Aquilo ia além dos limites do possível; entretanto... o exemplar achava-se em
perfeito estado, e a data não mostrava sinais de falsificação. Os tipos
característicos do “Eco” eram perfeitamente reconhecíveis. Então...
— Impossível! Impossível! Não resta dúvida de que não estou sonhando — disse
Martin — e que este jornal é o “Eco”. Por conseguinte... Irei a Gatwick amanhã
bem cedo e darei ordem aos rapazes.

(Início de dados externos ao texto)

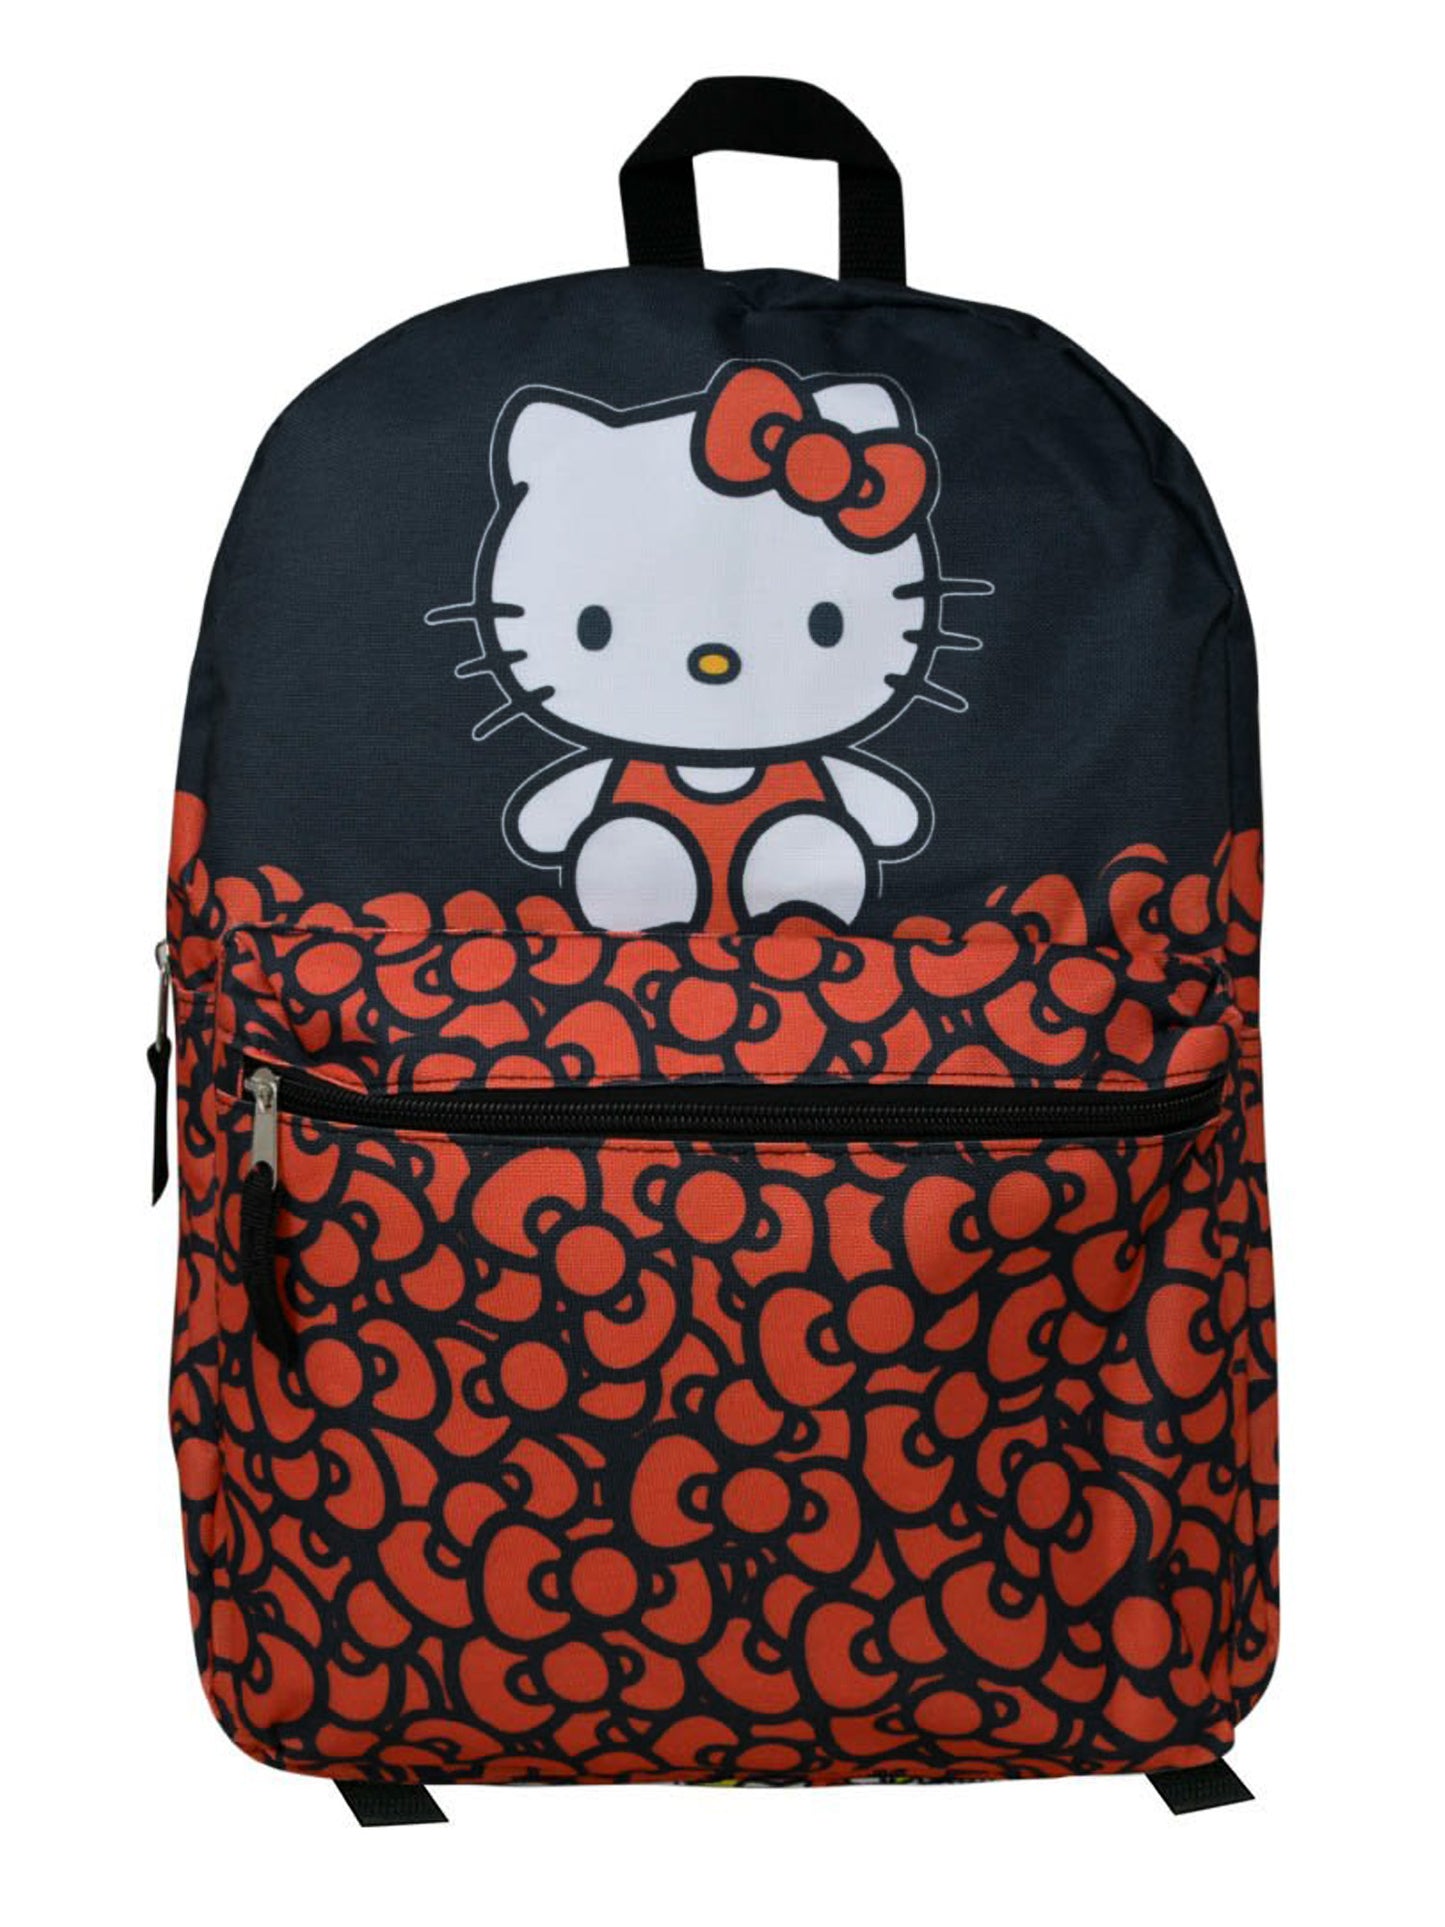 Hello Kitty Backpack 16" Sanrio Red Bows Girls Black

Se isto for verdade, serei o homem mais
rico da Inglaterra!
Com cavalos que pagavam 100 por 8, sua fortuna estava feita. Bastava apenas
seguir as indicações do jornal e acreditar em milagres.
O dono do bar, que conhecia Thompson, aproximou-se com ar misterioso.
— Podia dar-me um palpite, senhor?
O “Perigoso” vacilou.
— Bem — disse finalmente, — não há inconvenientes. Jogue em Salmon no segundo.
Não se preocupe com os comentários. Esse cavalo ganhará.
Deixou a sala com passo irregular. Em caminho para casa, lembrou-se de que o
médico o proibira de beber. O “Perigoso Martin” bebendo! Até então ignorava o
que fosse álcool...
Martin chegou a Gatwick às primeiras horas da manhã. O meeting anual tinha nele
um jogador afortunado. Mas desta vez não se tratava de jogar, e sim de
acomodar-se às indicações do “Eco”.
Por exemplo, aceitar apostas em todos os cavalos, menos em Inkerman... e por
sua vez, arriscar cinco libras nos cascos desse animal.
Inkerman... Primeiro! Rateio: 6 por 1.
Assim, sucessivamente, as indicações do jornal foram se realizando. Depois
dessa vitória, deu-se a de Salmon no segundo páreo. E no terceiro...
Shallot era um animal de aspecto insignificante, e produziu má impressão no
desfile preliminar. O jóquei parecia inquieto quando os cavalos se enfileiraram
diante das fitas. Era evidente que poucos haviam apostado em Shallot; mas entre
esses poucos achava-se Martin, que arriscou a importância de todos os ganhos
anteriores.
Então, qual um pequeno pônei que desliza em meio a cavalos de grande categoria,
Shallot tomou a dianteira e ganhou a terceira corrida com três corpos de
vantagem.
Ébrio de glória, cercado de pessoas que o felicitavam com inveja nos olhos,
“Perigoso” deixou o hipódromo duas horas mais tarde. Sua enorme fortuna
representava a ruína de cem jogadores e o suicídio de um político; mas, “para
cada imbecil que morre, nasce meia dúzia”. E o rosto de Thompson, ao entrar no
trem que o reconduziria a Londres, era plácido e alegre.
Acompanhado por solícitos servidores, Martin procurou inutilmente uma mesa no
carro-restaurante, onde pudesse beber tranqüilamente. O vagão estava cheio de
jogadores, que comentavam em voz baixa a sorte desse homem extraordinário que
acabava de acertar nos oito vencedores com precisão matemática.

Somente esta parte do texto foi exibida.